While not as comprehensive as Shannon or Simpson indices, species richness and evenness metrics are valuable because:

  1. Richness provides a simple, easily communicated baseline measure
  2. Evenness specifically quantifies the equitability of abundance distributions
  3. Together, they decompose diversity into interpretable components
  4. They help diagnose whether diversity differences arise from richness or evenness

Ordination and Distance Metrics: Bray-Curtis Dissimilarity with NMDS

For comparing community composition among sites:

  1. Bray-Curtis dissimilarity is ideal for abundance data and is robust to different sampling intensities
  2. NMDS effectively visualizes complex multivariate patterns in 2D space
  3. The acceptable stress values validate that 2D ordination captures the essential patterns
  4. These methods reveal biogeographic and environmental gradients structuring communities

Ecological Interpretation

California’s wildlife communities demonstrate the classic pattern of environmental filtering and habitat specialization. The clear clustering of sites by habitat type in NMDS space shows that environmental conditions (temperature, precipitation, elevation, substrate) strongly determine which species can persist at each location. The variation in diversity across sites reflects different stages of ecological succession, disturbance regimes, habitat heterogeneity, and evolutionary history.

The generally high diversity across all sites (Shannon Index ~4.0-4.4) reflects California’s position as a biodiversity hotspot, with Mediterranean climate zones, complex topography, and varied habitats supporting exceptionally rich faunal communities. The presence of 86 species across all sites, with most sites supporting 70-85 species, demonstrates both high regional diversity (gamma diversity) and substantial local diversity (alpha diversity).

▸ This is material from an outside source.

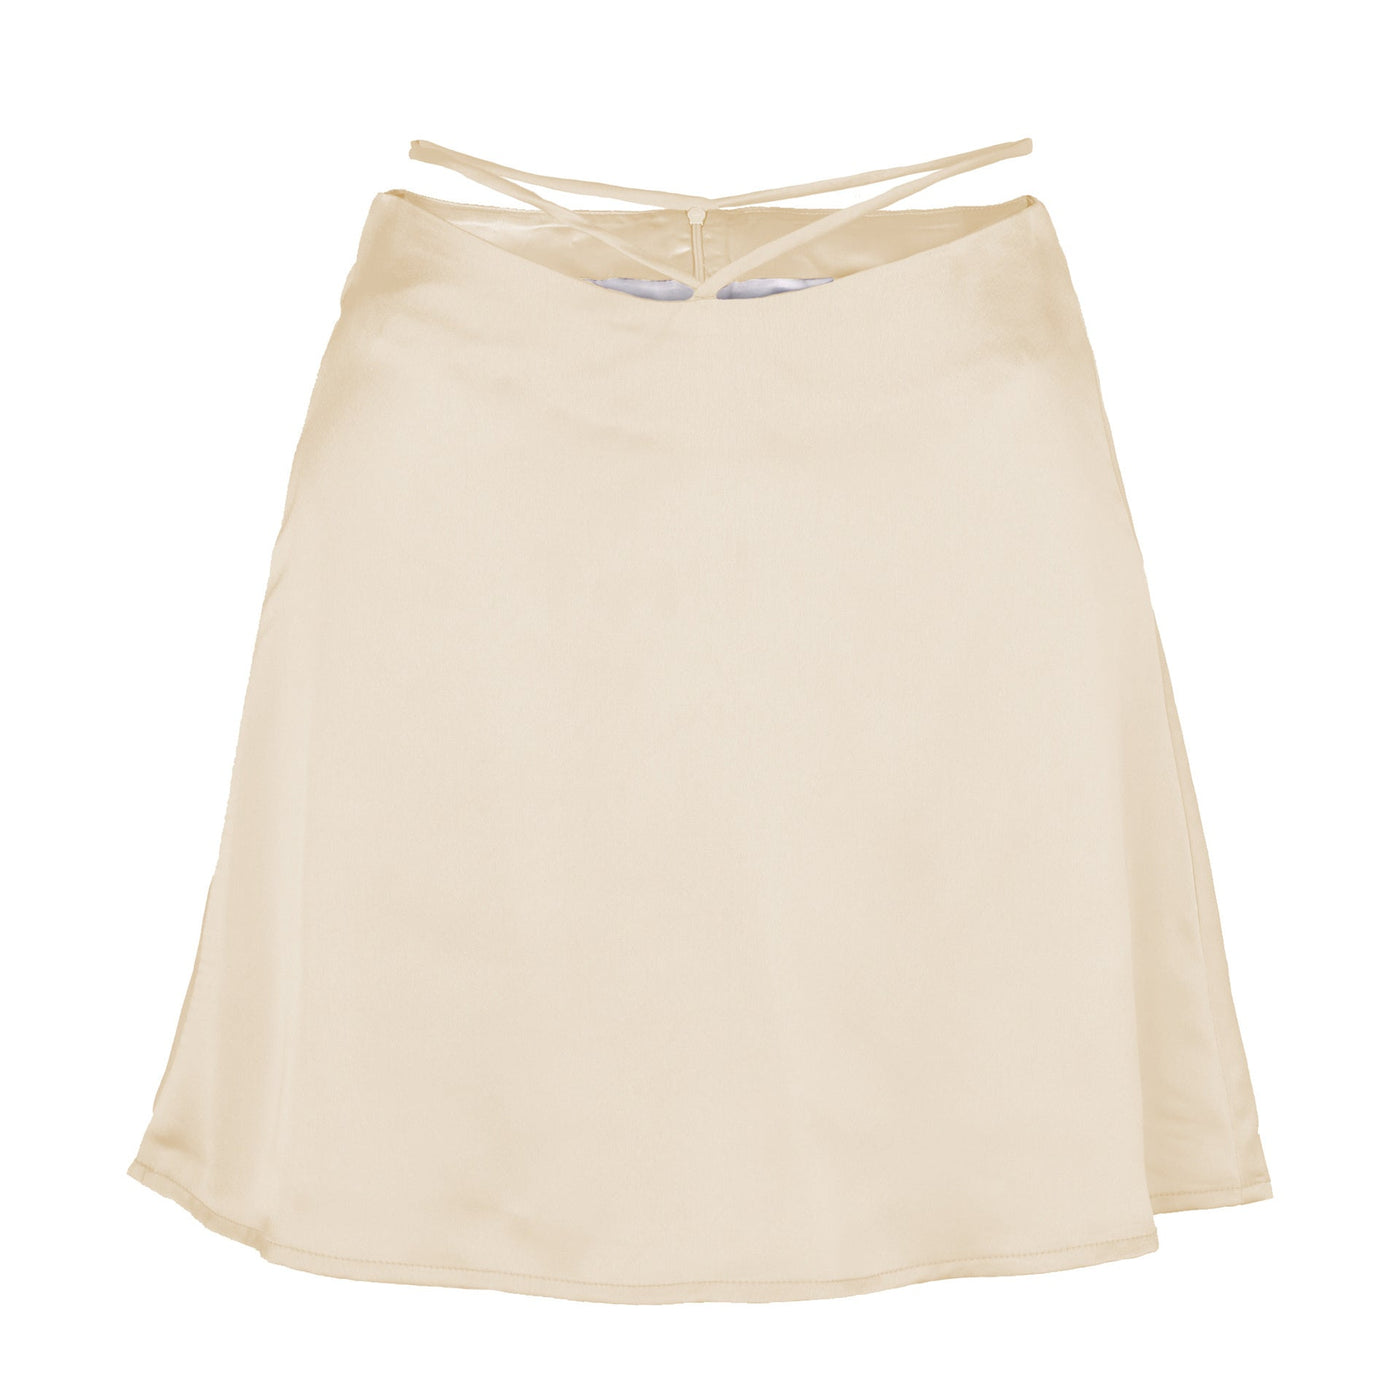 NTG Fad S / Beige New Solid Color Sexy Satin Skirt Fashion Lace Up Zipper High Wait Streetwear Casual Skirts

Limitations and Considerations

Several limitations should be acknowledged:

  1. Sampling differences: Different taxa may have been sampled with different methods and effort, potentially creating bias in abundance estimates
  2. Temporal variation: This snapshot analysis doesn’t capture seasonal or annual variation in species abundances
  3. Detection probability: Some species are more easily detected than others, potentially underestimating abundances of cryptic species
  4. Spatial scale: Sites may vary in area or habitat heterogeneity, affecting species-area relationships
  5. Abundance vs. biomass: Using individual counts rather than biomass gives equal weight to a mouse and a bear

Despite these limitations, the consistent patterns across multiple metrics and the ecological coherence of site clustering provide confidence in the main conclusions.

Future Directions

This analysis provides a foundation for several follow-up questions:

  • Which environmental variables (elevation, temperature, precipitation) best predict diversity patterns?
  • How do diversity patterns vary among taxonomic groups (birds vs. mammals vs. reptiles)?
  • What is the temporal stability of these diversity patterns across seasons and years?
  • How do current diversity patterns compare to historical baselines, and what conservation implications arise?

Final Conclusion

In conclusion, this dataset demonstrates that California’s remarkable habitat diversity creates distinct ecological communities with varying diversity levels, and that comprehensive understanding requires multiple complementary diversity metrics. The Shannon and Gini-Simpson indices, supported by species richness and evenness measures, provide the most complete picture of biodiversity patterns across these 20 California sites.